A pension tax is the only option because it is clear our pension system is not working. The state cannot pay the incomes needed to maintain an aging population out of the taxes paid by a declining working population. The private sector cannot do so from cash contributions it makes into pension funds that are subject to cyclical booms and busts, partly because of excess cash resources being invested in shares by pension funds.

We have to be realistic about what pensions are. They are mechanisms for transferring property rights: between generations and from the owners of capital to the suppliers of labour. This blunt reality is rarely stated; that does not alter the truth inherent in the statement.

Recognising that truth allows us to propose another tax, one based on the pioneering work of Rudolf Meidner in the 1950s and 60s in Sweden. This would require that all companies employing more than a small number of staff each year to pay a tax settled in the form of an issue of their shares. The rate would need to be determined, but it would be a significant percentage: BT will be making pension contributions equivalent to 20% of its market capitalisation over the next 4 years. A tax rate of 5% of capital might therefore be required.

The shares in question would be issued to a national pension fund. That fund would have obligation to manage those investments to make a return to pay pensions for all people in the UK, not just the employees of the companies that are taxed.

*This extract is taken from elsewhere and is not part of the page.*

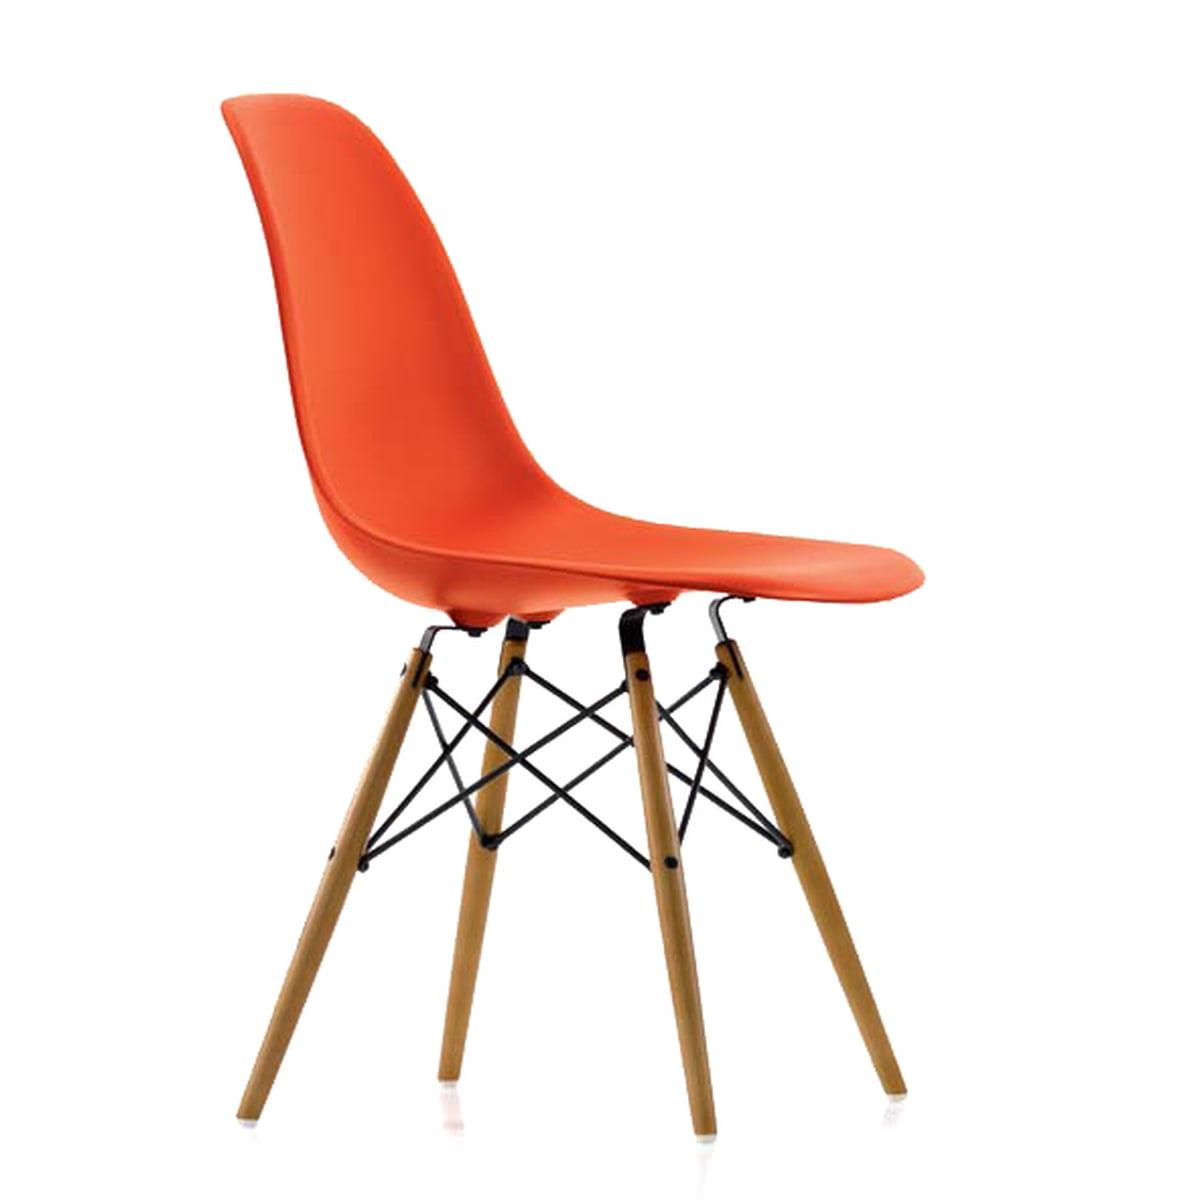 Vitra Eames Plastic Side Chair Dsw H 43 Cm Ahorn Gelblich

The benefits of the tax are obvious: it does not reduce the cash capacity of the companies that make it to invest in the future as do current pension contributions; it cuts out the current ‘middle man’ in the form of the City that currently extracts an undue percentage from all pension contributions made, and it is applied across the board.

Of course there are problems that would need to be tackled, such as the enforcement of the obligation on the subsidiaries of foreign companies trading in the UK. Cash alternatives might be required if they cannot or do not make equity contributions. These would have to be enforceable. But these are technical issues. The fact is the tax is needed to ensure that sufficient wealth is transferred into funds maintained for the benefit of the retired population of the UK. Nothing else can provide those funds that are needed to prevent mass poverty amongst the old whilst maintaining the active investment required in productive capital needed to generate the real wealth on which they will depend.